Com sabedoria e prudência, Ester não revelou imediatamente sua petição. Preparou dois banquetes para o rei e para Hamã. Nesse ambiente cuidadosamente preparado, no momento certo, ela revelou sua verdadeira identidade e denunciou a trama que ameaçava destruir seu povo. Diante do rei, declarou com coragem que sua própria vida estava incluída naquela sentença injusta.

A revelação causou indignação em Assuero. A maldade de Hamã foi exposta e ele acabou sendo executado na mesma forca que havia preparado para Mordecai. O decreto de destruição não podia ser simplesmente revogado, segundo as leis persas, mas um novo decreto foi emitido permitindo que os judeus se defendessem. Assim, aquilo que havia sido planejado para destruição tornou-se ocasião de livramento.

Mordecai foi elevado à posição de honra no reino, e o povo judeu celebrou sua libertação. Dessa vitória nasceu a festa de Purim, celebrada até hoje como memória da reversão milagrosa do destino de um povo.

Curiosamente, o livro de Ester é um dos poucos livros bíblicos em que o nome de Deus não aparece explicitamente.
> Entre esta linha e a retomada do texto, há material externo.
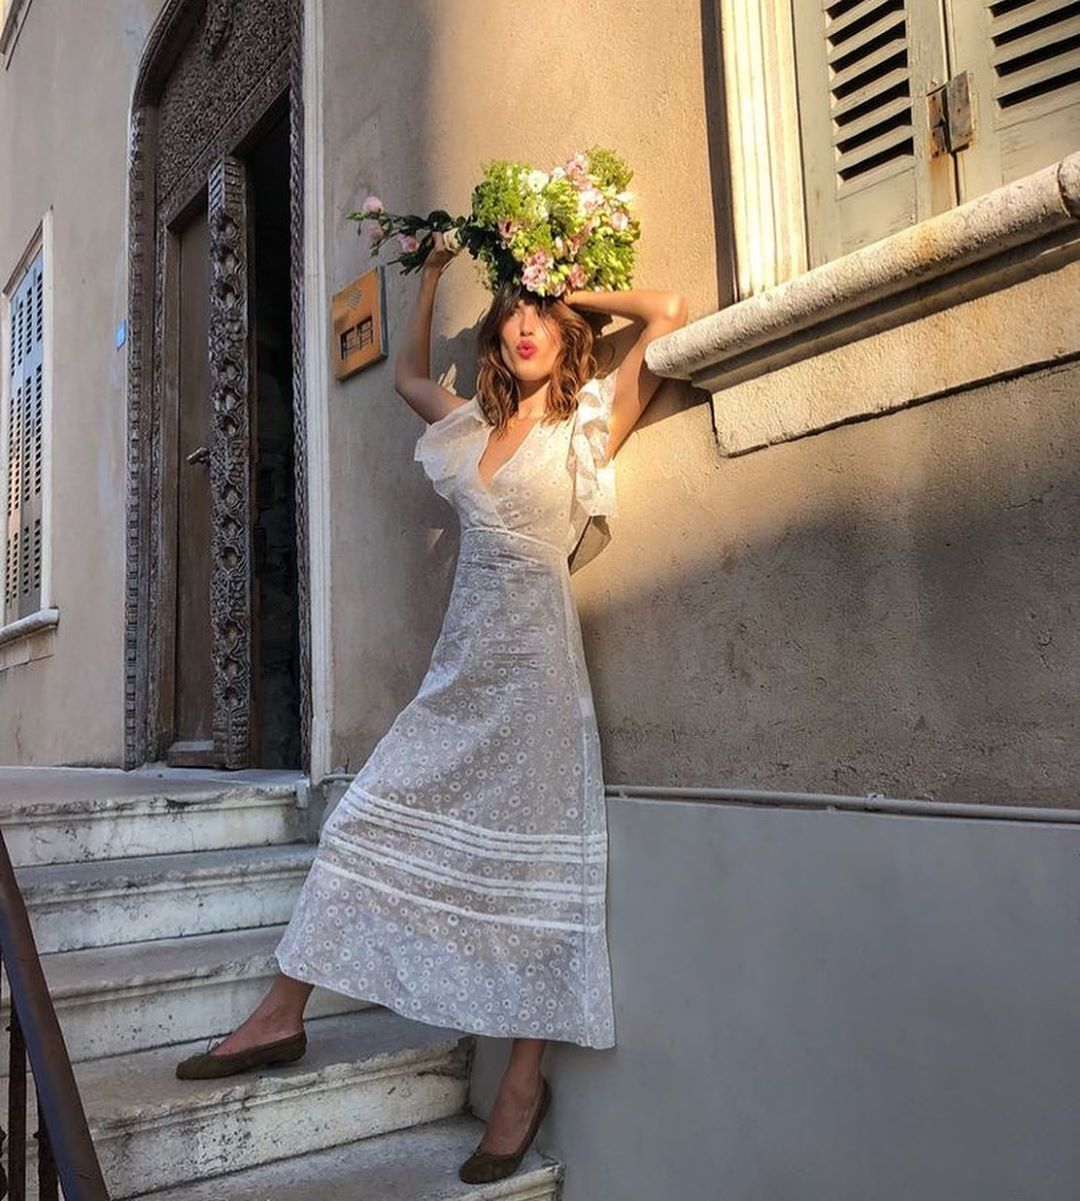 Giày búp bê đính nơ phối cùng váy trắng mang phong cách của những cô gái Pháp

Ainda assim, Sua presença é percebida em cada detalhe da história — na ascensão improvável de uma órfã à posição de rainha, nas coincidências que se entrelaçam no palácio, na coragem que surge no momento decisivo e na justiça que se manifesta quando tudo parecia perdido.

Hadassa, a jovem simples do exílio, tornou-se Ester, a rainha que salvou seu povo. Sua história permanece como um testemunho de coragem, sabedoria e propósito. Ela nos lembra que, muitas vezes, as posições que ocupamos, os caminhos inesperados que percorremos e até os desafios que enfrentamos podem fazer parte de algo maior — um chamado silencioso que se revela “para um tempo como este.”